# Congratulations _Dre_



## t1no (Jul 10, 2005)

boooo we have another mod!! :lol:


----------



## Dre (Jun 20, 2003)

Heh...I'll be nice


----------



## Jet (Jul 1, 2005)

Nice, Congrats, that just means that we are becoming more active as a board, and theres nothing wrong with that. Its an awesome thing, I see we have an off-topic forum now also.


----------



## t1no (Jul 10, 2005)

_Dre_ said:


> Heh...I'll be nice


uhh no "thank you"?


----------



## Dre (Jun 20, 2003)

You're right. That was coming though. Thanks T1no and Jet.


----------



## The Future7 (Feb 24, 2005)

Congrats Dre. This is your 2nd term as a mod right?


----------



## Dre (Jun 20, 2003)

The Future7 said:


> Congrats Dre. This is your 2nd term as a mod right?

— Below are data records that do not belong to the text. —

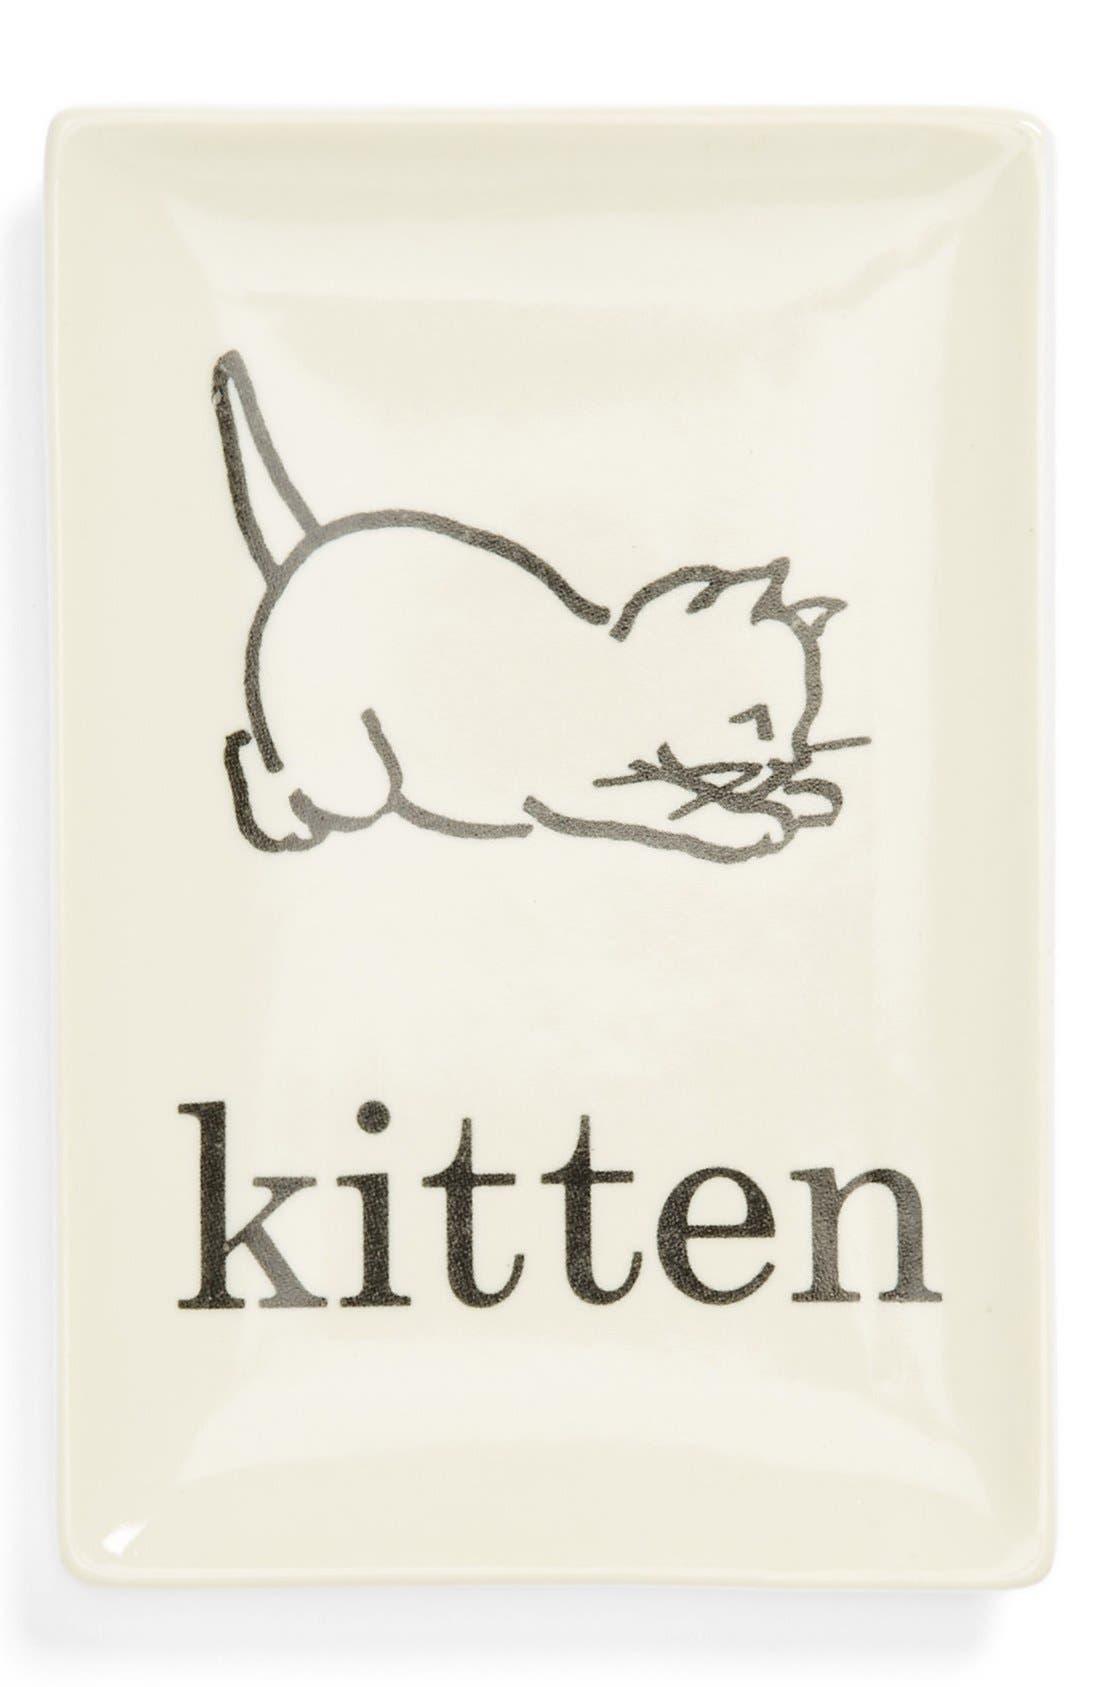 Alternate Image 1 Selected - Rosanna 'Flash Cards - Kitten' Porcelain Tray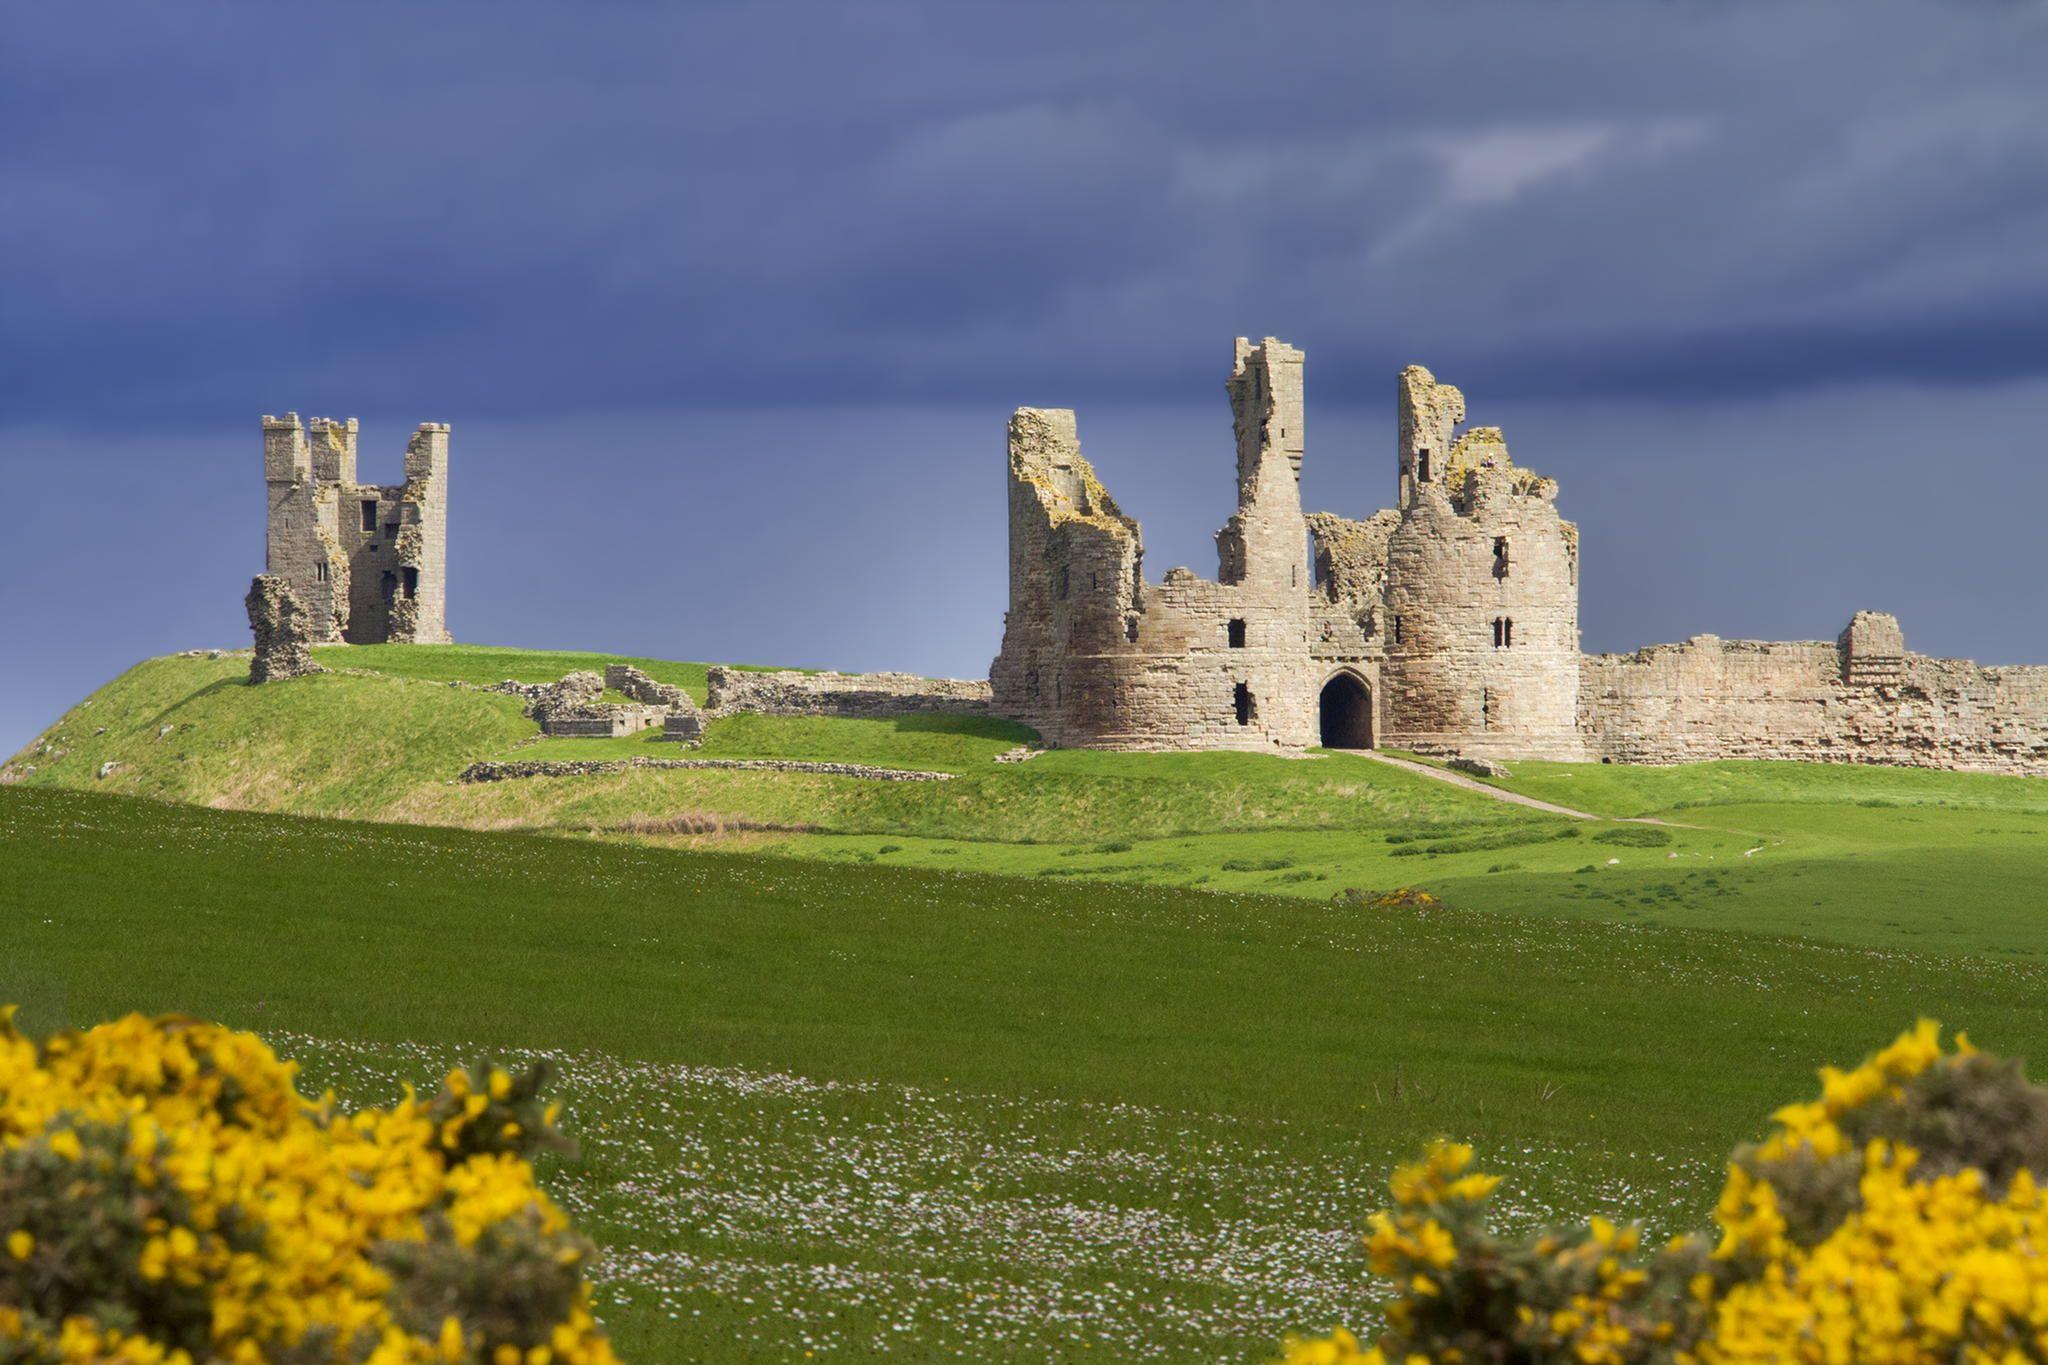 Dunstanburgh Castle - Dunstanburgh Castle, Northumberland, England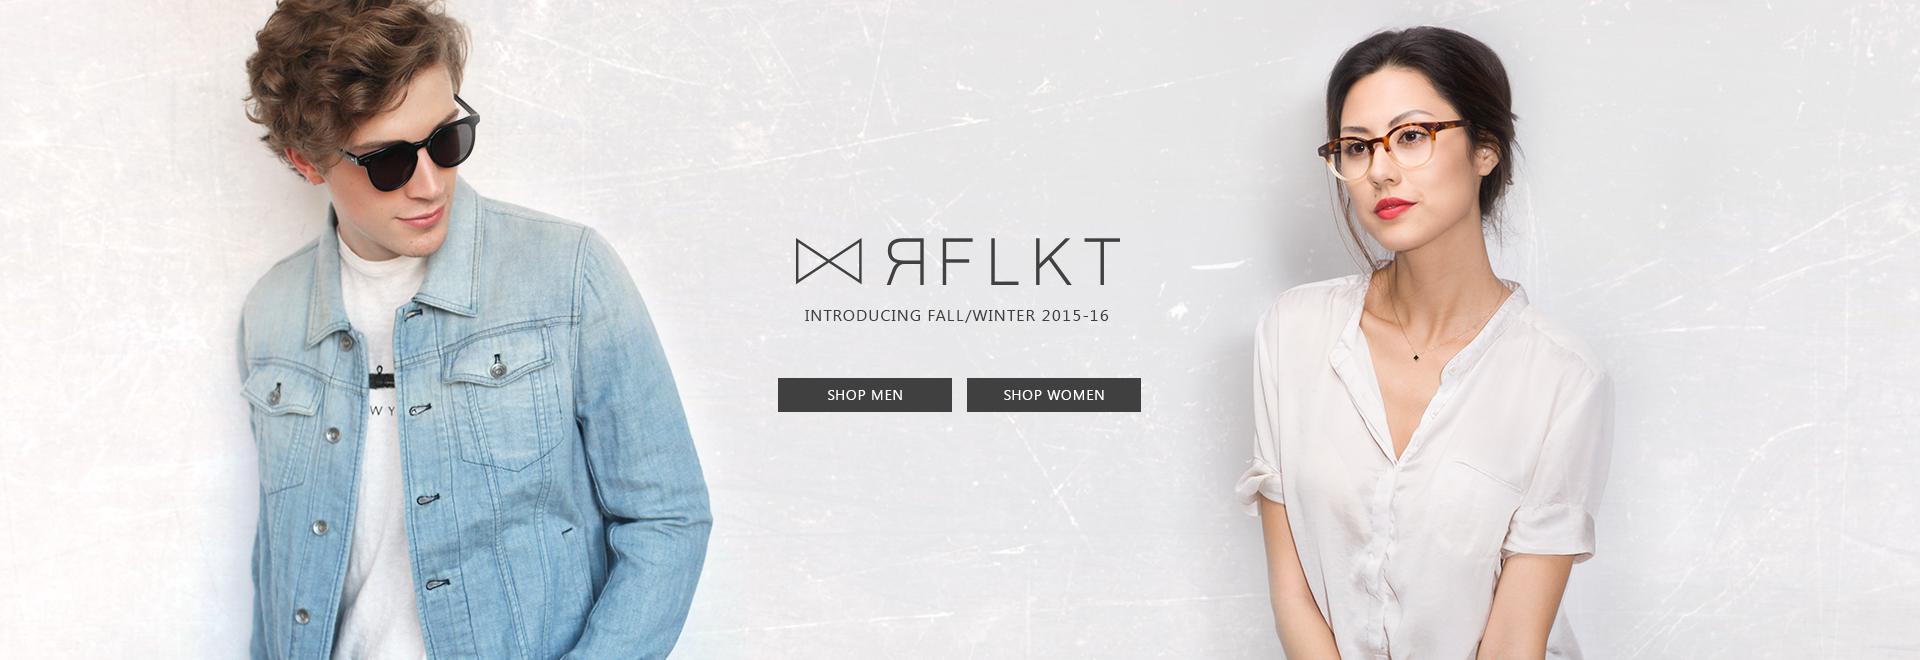 RFLKT Fall Winter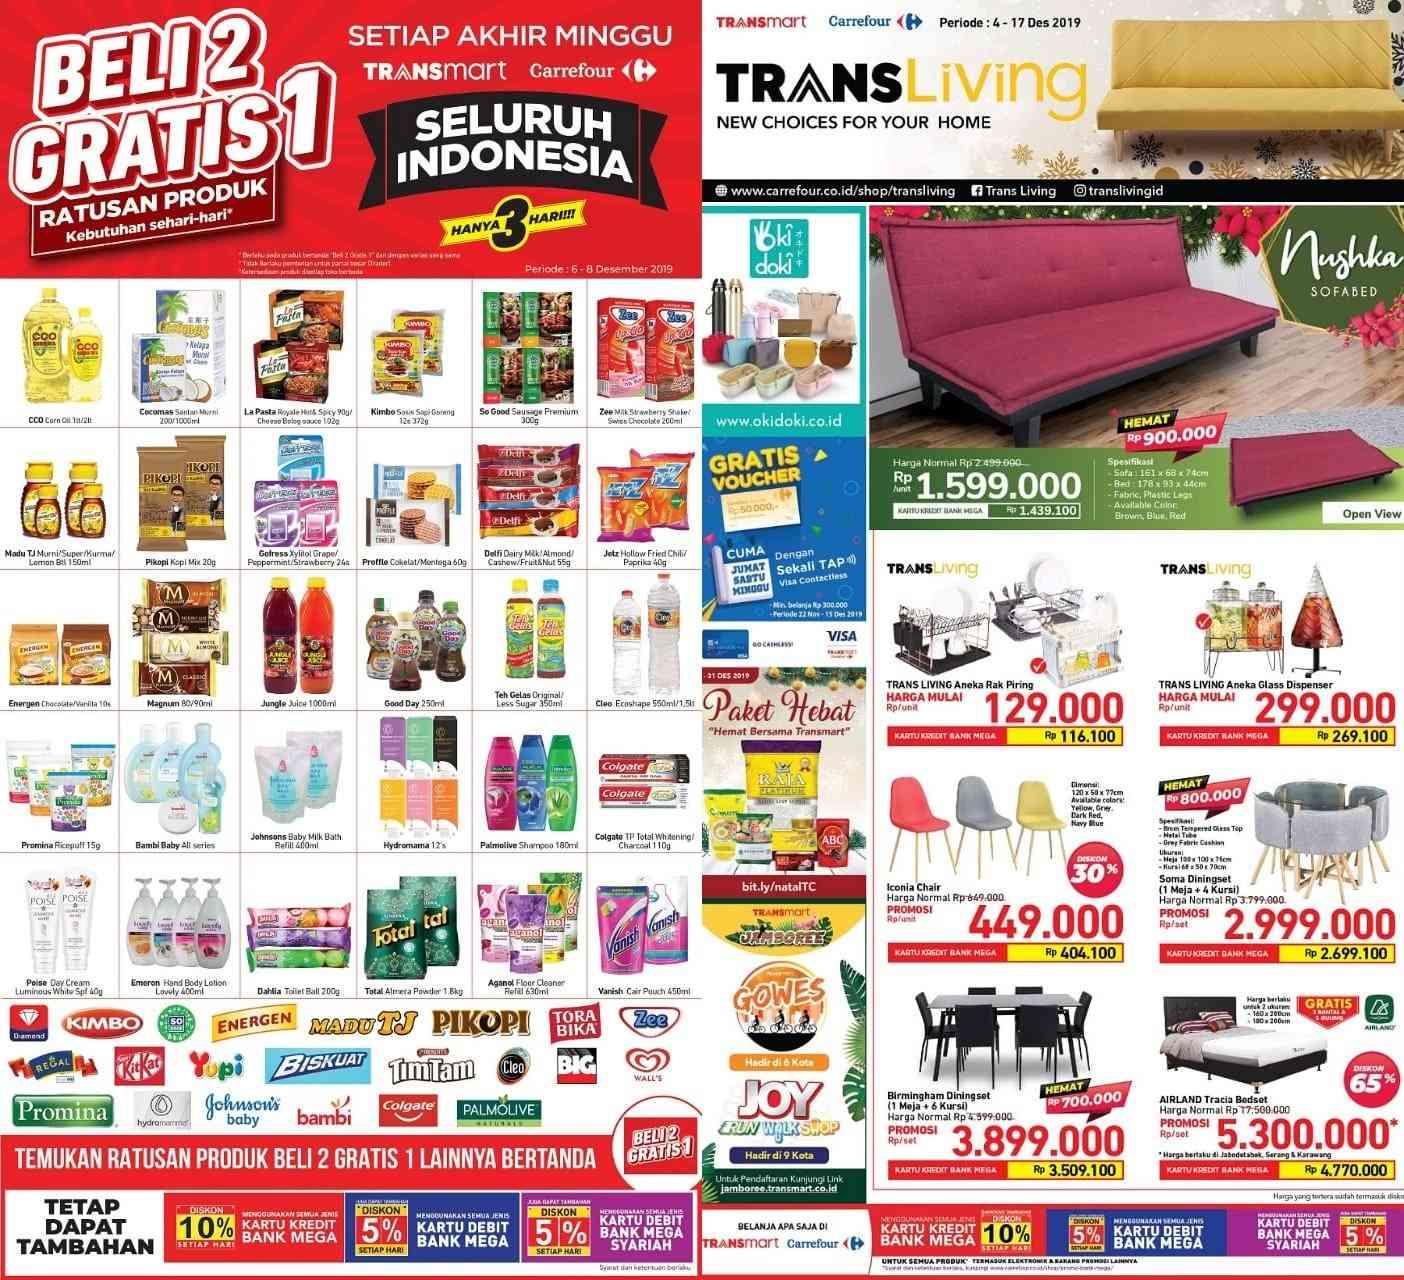 Transmart Carrefour Katalog Promo JSM Periode 6-8 Desember 2019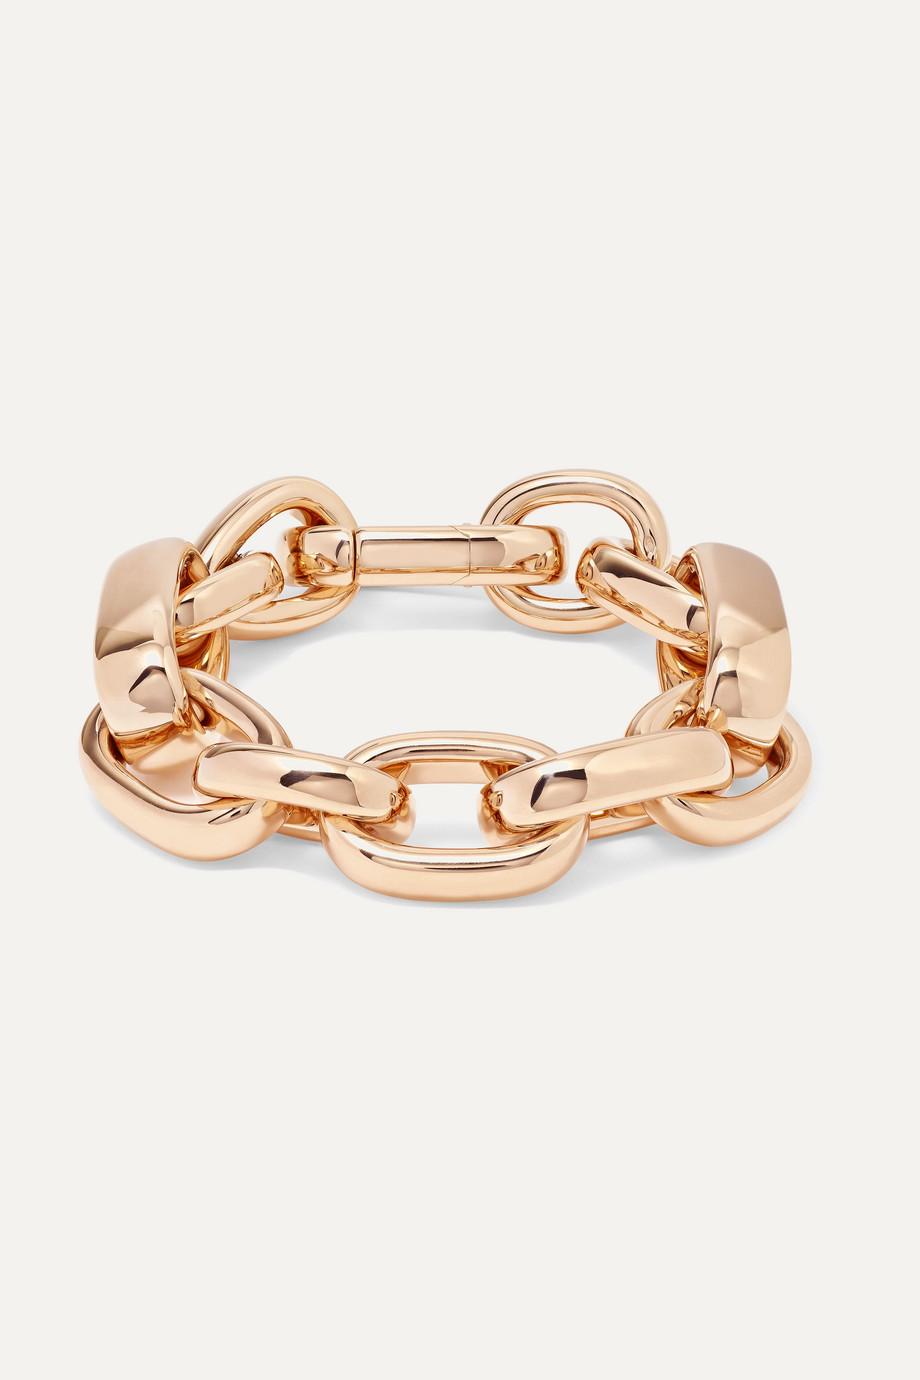 Pomellato 18-karat rose gold bracelet

Thanks, and yep. This is my second go around. But it's gonna be a lot longer this time now that my internet service and life is more stable.


----------



## melo4life (Jun 5, 2006)

we should have a party to celebrate:yay: :cheers: :bananallama:


----------



## VeN (May 10, 2005)

Ill bring the wings


----------



## croco (Feb 14, 2005)

Congrats, you will do a good job :cheers:


----------



## melo4life (Jun 5, 2006)

VeN said:


> Ill bring the wings


haha ill supply the drinks :cheers: :lol::lol:


----------



## Cameron Crazy (Apr 25, 2006)

Congrats man!


----------



## L (Sep 20, 2005)

Yay!:yay:


----------



## Saint Baller (May 3, 2006)

Congrats.


----------



## Dre (Jun 20, 2003)

Thanks guys. I'll hold the party at my house


----------



## HB (May 1, 2004)

Bout time Dre, congrats man


----------



## Husstla (Nov 5, 2006)

Congrats


----------



## JuX (Oct 11, 2005)

:cheers:


----------



## shookem (Nov 1, 2005)

Congrats Dre, good luck with your forum and fav team!


----------



## Yao Mania (Aug 4, 2003)

Congrats 'n welcome back to the crew :greatjob:


----------



## edwardcyh (Dec 13, 2005)

Welcome!

Looks like I need to be careful these days!

Congrats, buddy!

:clap2:


----------



## edwardcyh (Dec 13, 2005)

This is GREAT!

Now somebody can keep an eye on the forum when the old-timers have to spend time with their family on the weekend.

:yay:


----------



## xray (Feb 21, 2005)

edwardcyh said:


> This is GREAT!
> 
> Now somebody can keep an eye on the forum when the old-timers have to spend time with their family on the weekend.


:yes: 

Congrats dude! :clap:


----------



## Ninjatune (May 1, 2006)

Nice. Congrats Dre......


----------